Good luck! Hope you finally get the OH NRs lol


----------



## Dene (Jul 17, 2015)

Remember guys, the more you help out and make things keep chugging along, the more chance of adding events! It won't be a big competition, so there should be time, if you all stay busy all day. You get out what you put in


----------



## guysensei1 (Jul 17, 2015)

Dene said:


> Remember guys, the more you help out and make things keep chugging along, the more chance of adding events! It won't be a big competition, so there should be time, if you all stay busy all day. You get out what you put in



Ahh, I only brought 2-5 and pyra.
More rounds of OH? 
I'll help out a ton if that will happen


----------



## guysensei1 (Jul 18, 2015)

guysensei1 said:


> I'm typing this in the airport
> More recent goals:
> 2: sub-4
> 3: sub-11.5. Sub-10 single if easyish scramble
> ...



2: yes!
3: yes! Yes!
4: no. Oh well
OH: YES
BLD: no, yes
Pyra: Lolno not even Sub-10


----------



## guysensei1 (Jul 18, 2015)

Apologies for the double post, but if anyone happens to have footage of my 9.19 single (especially the audience reaction) please PM me.
I know there were a few people there with big fancy cameras and a go pro too.


----------



## LeeryLangers (Jul 19, 2015)

That was a good comp for me. Only cubing for 2 months and I got a 50.18 average on 3x3. I don't know F2L yet, but I do know 4LLL, so I will definitely be practising for the next comp here. I wasn't in 2x2, but I'm working on that too. Down to a 12 second Average.


----------



## LeeryLangers (Jul 19, 2015)

Also, do you know when the next comp will be, or how often they will be from now on?


----------



## guysensei1 (Jul 19, 2015)

LeeryLangers said:


> Also, do you know when the next comp will be, or how often they will be from now on?

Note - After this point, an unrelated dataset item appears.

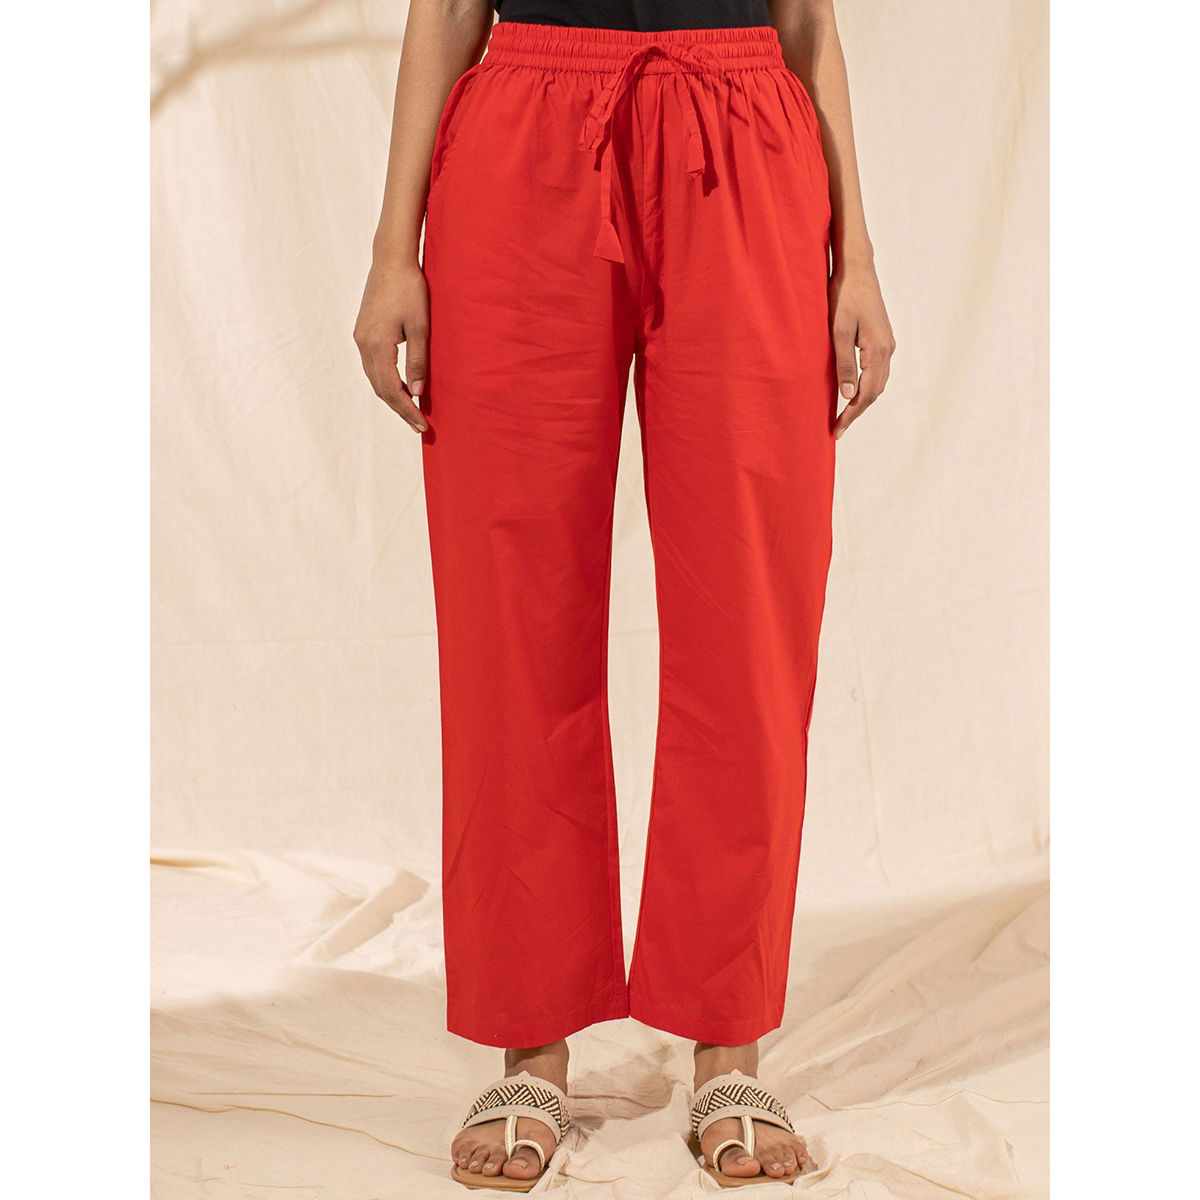 Buy Brick Red Wide Leg Pants For Women Online in India  VeroModa

Hopefully in June next year, or early march
That's when my school holidays are


----------



## The Second Cuber (Jul 19, 2015)

Got footage of your 9.19 single mate


----------



## guysensei1 (Jul 19, 2015)

The Second Cuber said:


> Got footage of your 9.19 single mate



PM?
Thanks!


----------



## MoyuFTW (Jul 23, 2015)

Had a great time at the competition. Thank you for organising it. Any ideas on when the next one is? I completely failed all my goals.


----------



## LeeryLangers (Jul 24, 2015)

MoyuFTW said:


> Had a great time at the competition. Thank you for organising it. Any ideas on when the next one is? I completely failed all my goals.




Michael is thinking about another comp in the summer.


----------